A spoken meditation fills the space, leading the visitors of Kunsthall 3,14, and its fictive patrons up on screen, out of the bland architecture of a 4-star conference hotel; out into a dream voyage breaking with time and space:
We are at a Bull and Bear Fight in Monterey in 1853. The pitting of these two hefty creatures in the arena will later become an analogy for the market; the bear is what makes the market fall, suffocating under its heavy paw; the bull, on the other hand, lifts the market with the virile thrust of its horns.
We are on the floor of the New York Stock Exchange in 1929 as the stock market crashes, turning the trading pit into a violent frenzy.
We stroll through the corporate township of Cathedral Town: a planned community in Ontario Canada, formed around the newly built Church of Transfiguration; a colossal church that to the new city dweller’s big disappointment never opened to congregation. The town now stretches around the church, strangely soulless, its pivotal point of community eerily vacant. The church, that also featured in John Carpenter’s 1994 horror film ‘In the Mouth of Madness’, now towers above the town, its steeple always visible above the roofs.
We find ourselves in an airport terminal, resting in a sleep pod, our body hardwired into a responsive exoskeletal webbing allowing us to work unrestrained. The body of the cognitive worker merges with the digital, not only enhancing exterior support structure but artificially assisting the nervous system and cognitive functions, making even the few moments of rest, productive and profitable. A whole new cost-effective dimension to the office power-nap.
Finally, beyond time, we dive into the internet cables’ darting landscape of extreme velocity and oceanic quantum mechanics.
Outside the meditations, that stream through the AirPods of ambitious young stockbrokers, all motion spirals towards a sacrificial ritual. A sacrifice to the gods of prosperity perhaps.
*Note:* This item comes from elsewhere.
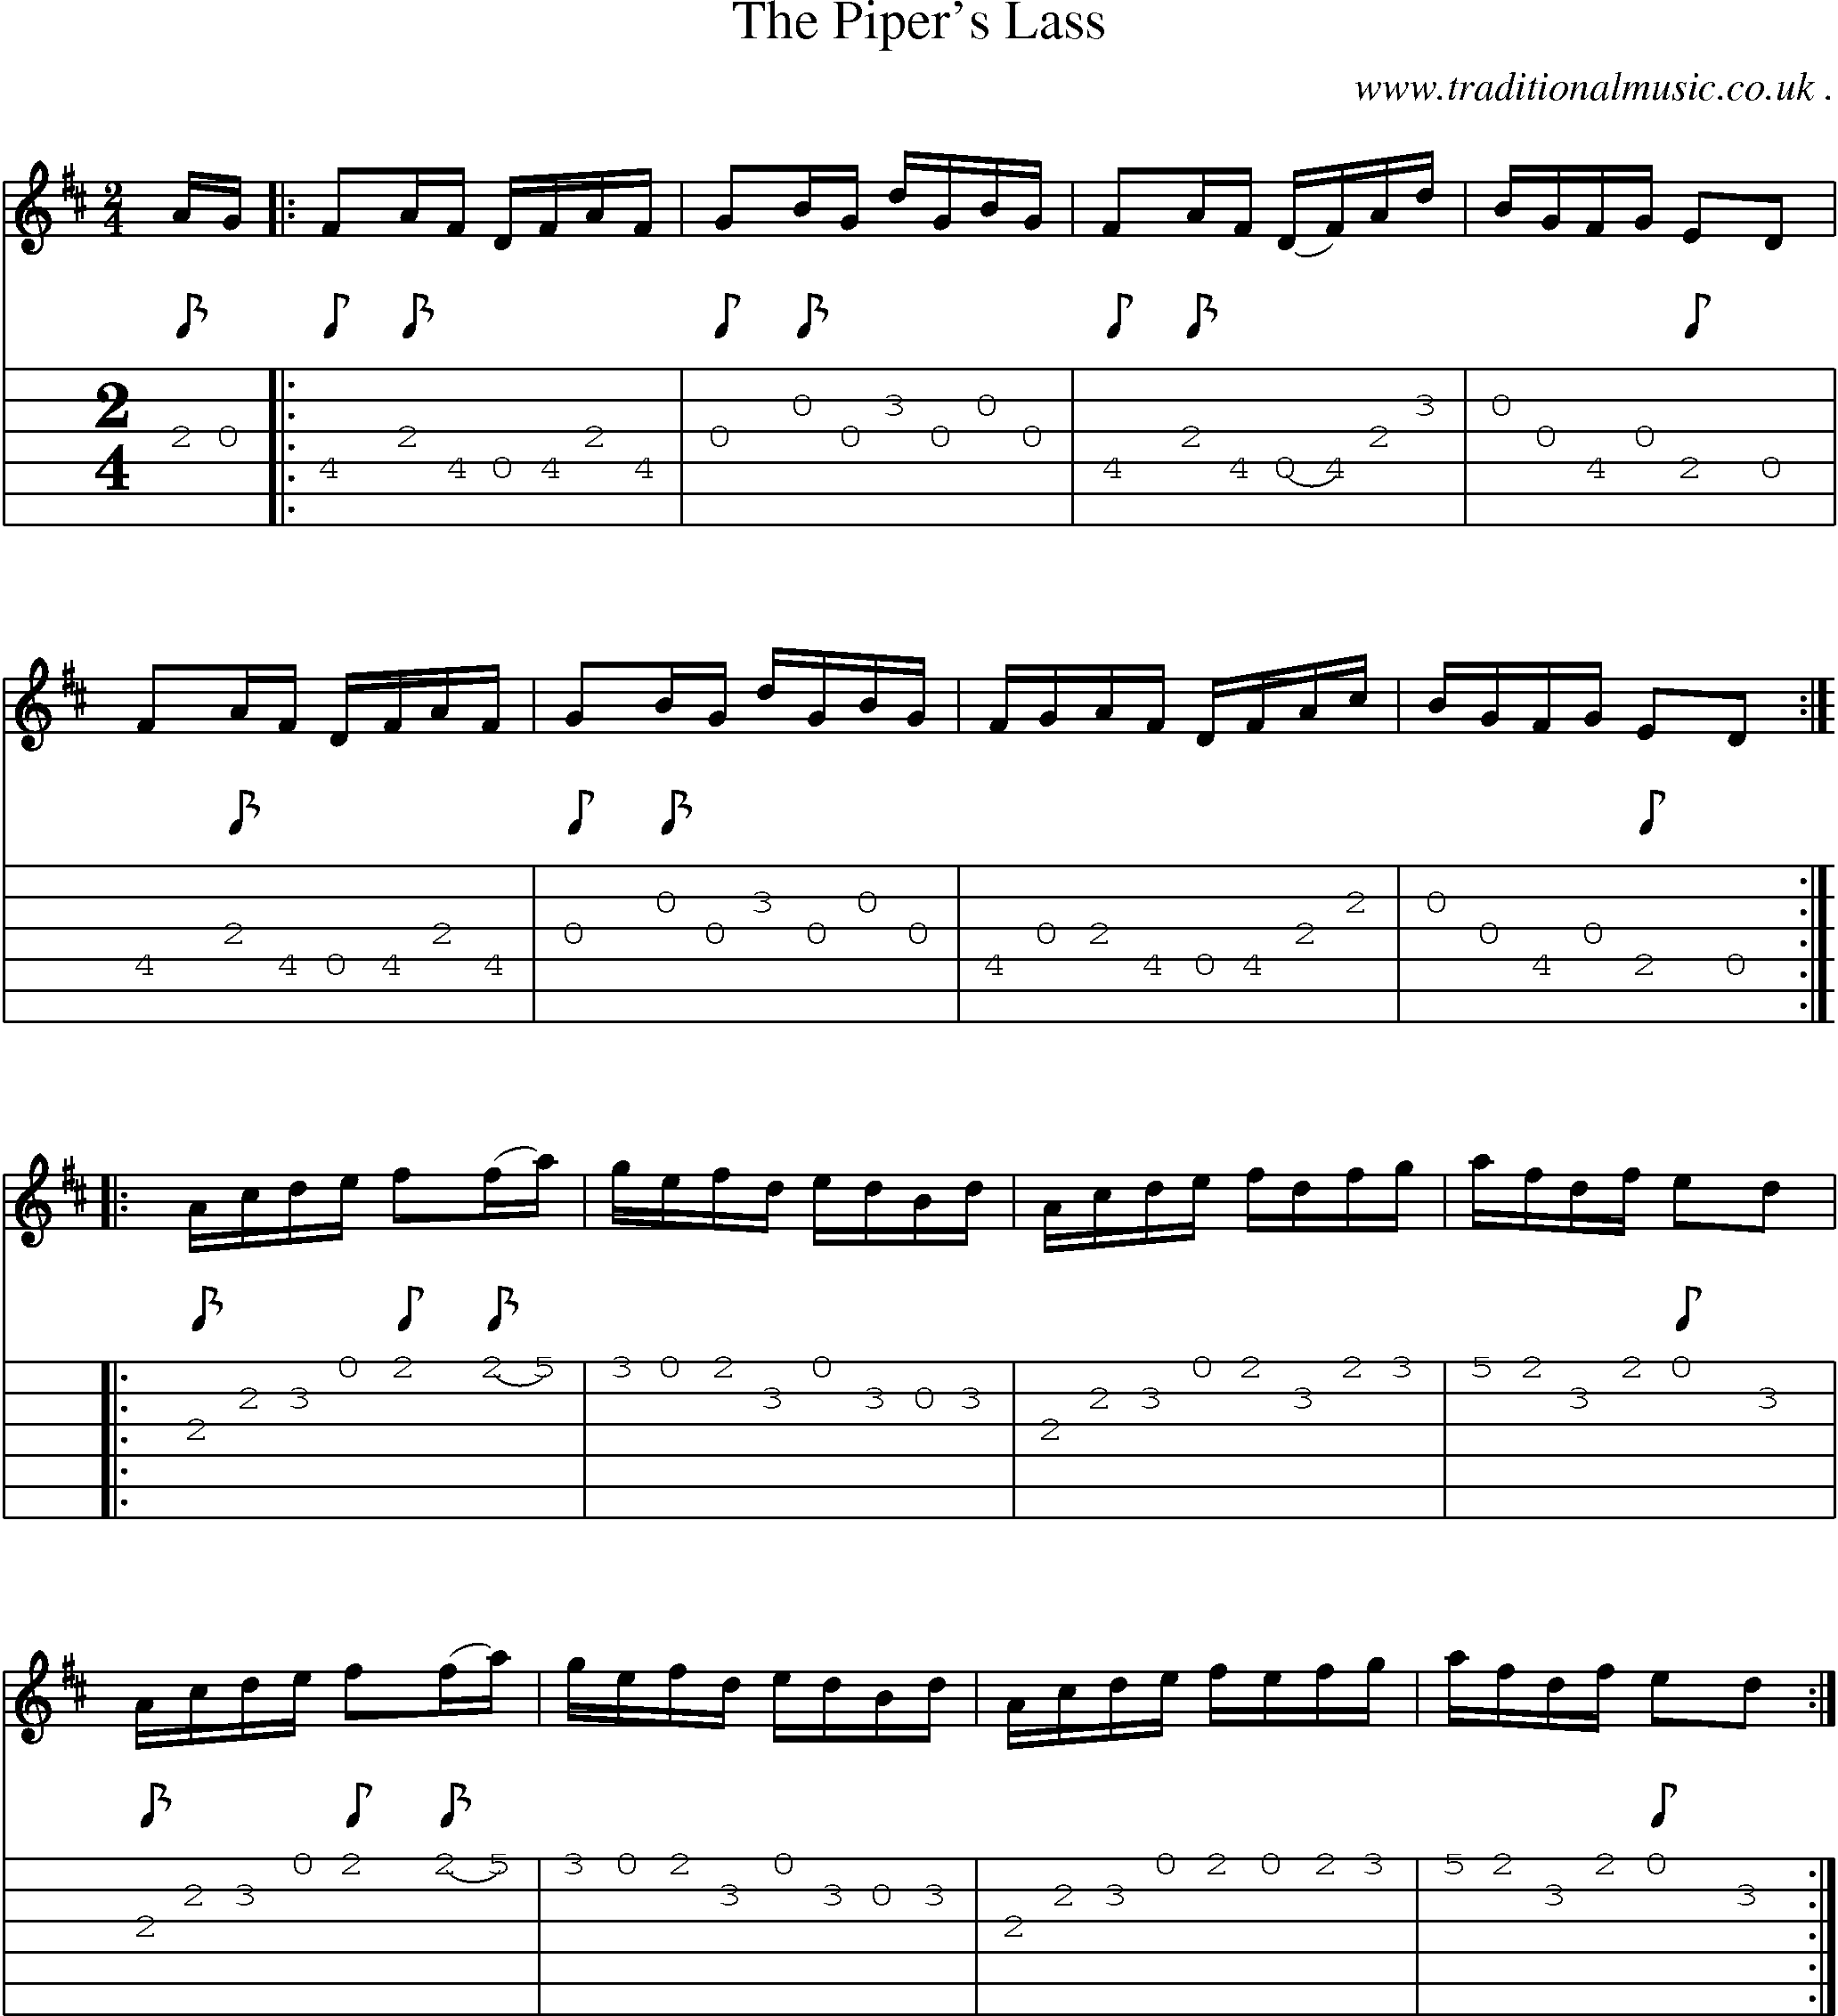 Sheet-Music and Guitar Tabs for The Pipers Lass
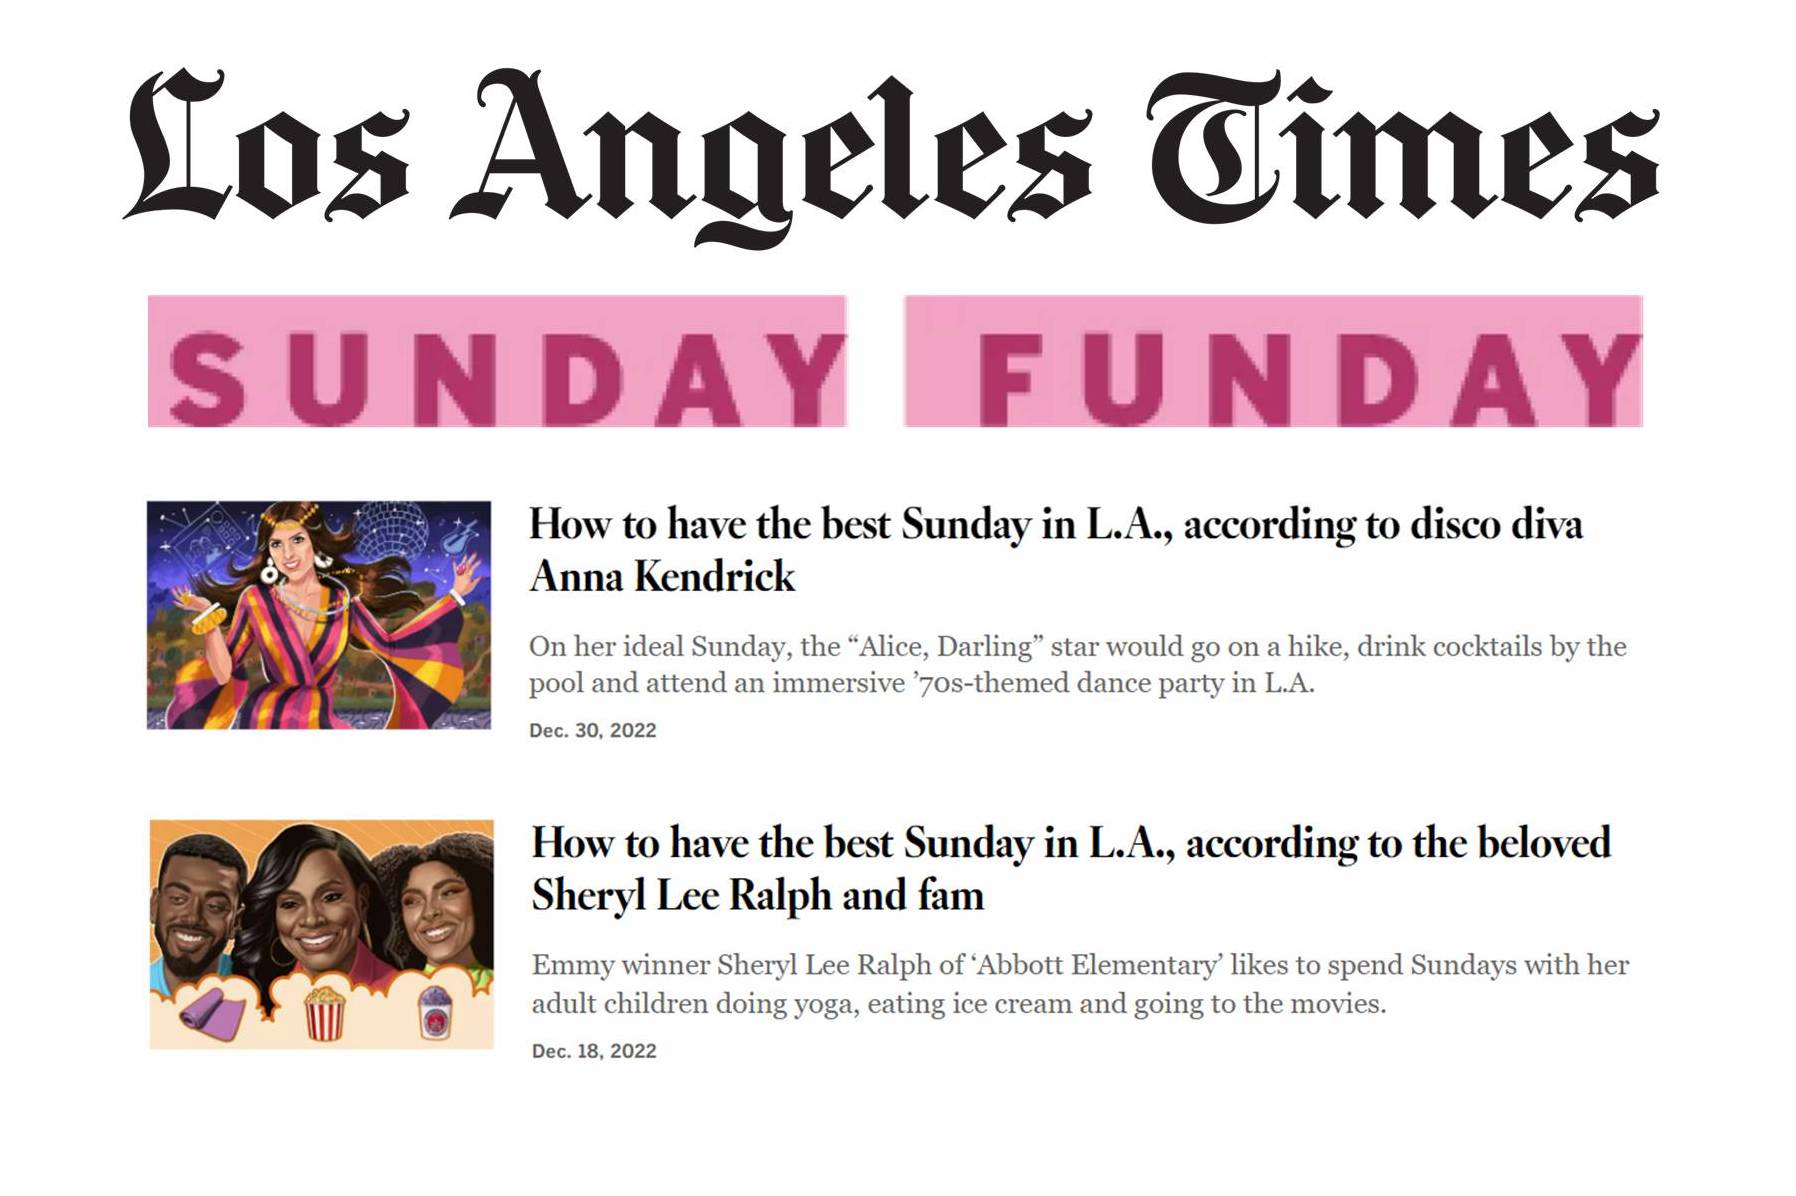 The Los Angeles Times Newspaper Launches a “Sunday Funday” Section in

Perhaps just a regulated version of the classic banker suicide.

The exhibition 'Oceanic Horror or How to Survive the Night in the Haunted Mansion of Absolute Capitalism', comprises all artistic works from this research process, including  the works already installed at the midways exhibition 'Cable ITCH (I don’t wanna work at Island no more)', previously exhibited in the staircase of Kunsthall 3,14. Due to complications related to the possibility of showing these works in Copenhagen parallel to the show in Kunsthall 3,14 - as two connected yet self-contained exhibitions - the choice was made to include all the works in the final exhibition at Kunsthall 3,14. Now these works form ‘screen islands’ surrounding the main narrative revolving around the trading firm Archipelago. The criss-crossing narratives from the birthing place of high frequency trading and the implementation of computer terminals and servers into the stock market, now serves as a backdrop for, or a prologue to, the narrative of the central video work ‘Archipelago (No one is an island)’. As a whole the entire installation takes the shape of an archipelago of ‘screen islands’, all serving pieces of a complex interconnected topology.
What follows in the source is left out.